For the quarter ended June 30, the company said earnings amounted to 23¢ a share, compared with a loss of $400,000 or 2¢ per share a year earlier.

Revenue rose to $80.6 million from $51.5 million.

“Our performance is a reflection of the momentum our firm has sustained and validates our strategy,” chairman and CEO Peter Brown said in a news release.

Canaccord completed its initial public offering of shares on the Toronto Stock Exchange on June 30, raising about $70 million.

“Despite the distractions and effort involved in taking a company public, our employees generated a $29.1 million, or 57%, increase in revenue over the first quarter a year ago,” said Michael Greenwood, president and chief operating officer.

In its first conference call as a public company today, Canaccord disclosed that it is working on a number of acquisition possibilities, although actual deals appear to be far off.

Brown noted that the firm has lots of cash, which it needs to put to work, and he said the company is constantly in the market for acquisitions.

However, Brown noted that its deals in the past have usually come in down markets when sellers are more motivated. He said that Canaccord expects the ranks of 160 or so independent firms to shrink when the market hits its next downturn.

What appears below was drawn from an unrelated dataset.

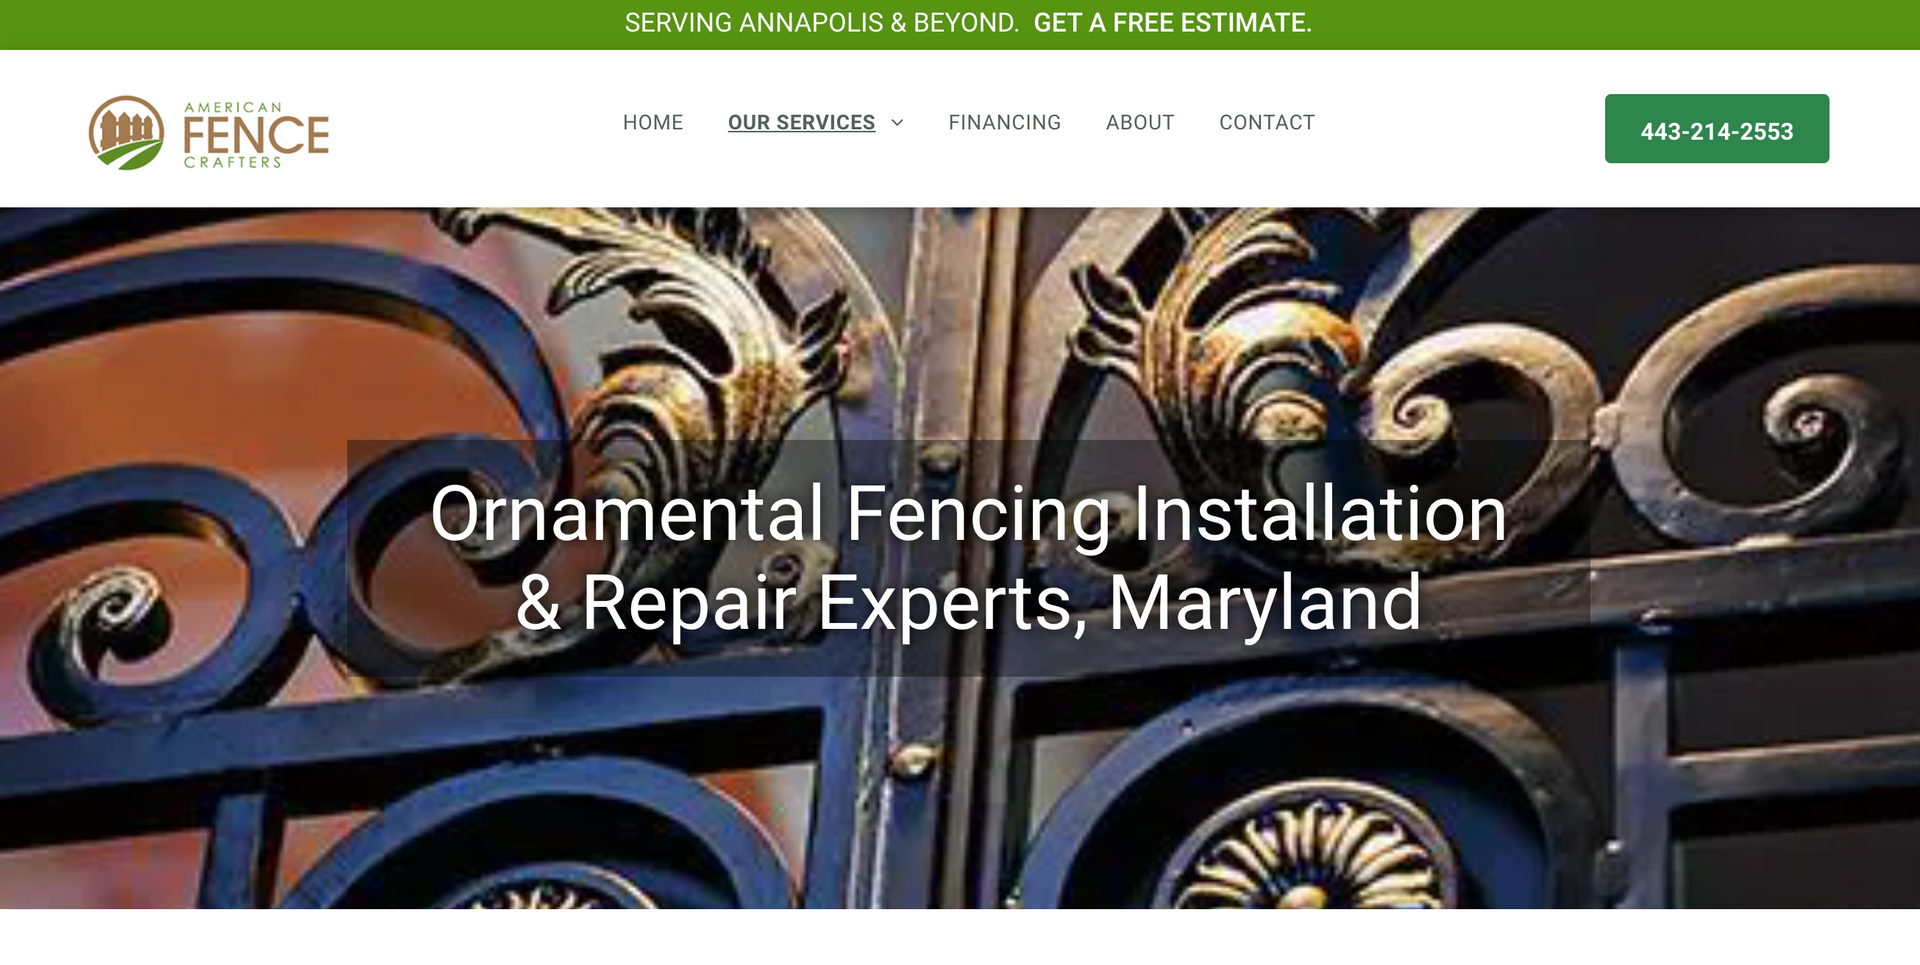 A website for ornamental fencing installation and repair experts in maryland.

Brown reported that the firm is in early stage discussions with a few firms, but that the deals “may or may not happen”. In the meantime it is actively talking with firms, and doing other things that will make it easier to get deals done when the time is right, such as serving as the back office to a number of firms.

Short of acquiring firms, Brown noted that Canaccord is also actively recruiting from rivals on the Street, and that he’s very pleased with the quality of people it has been able to attract.

Canaccord president and COO, Mike Greenwood, noted that the firm has been upgrading the quality of its sales force over the past six months, replacing low-end producers with more productive reps who are able to help it grow assets under administration and expand its fee-based business. Canaccord has also been actively recruiting investment bankers to its U.K. division. Greenwood reported that it is in the midst of adding five new bankers, who are a team it has wooed from Credit Lyonnais.

Brown said that the U.K. market is one of its biggest capital market opportunities, both because deals are agency deals, rather than bought deals, and they rarely syndicated in that market (so it keeps 100% of underwriting commissions); and, the small and mid-cap market appears to be under-served by the traditional banking firms.

Greenwood said that its registered trader business was the firm’s one weak spot, with negative gross revenue in the quarter. He noted that it has scaled back its capital allocated to this business, and is reviewing its strategy and performance in this business.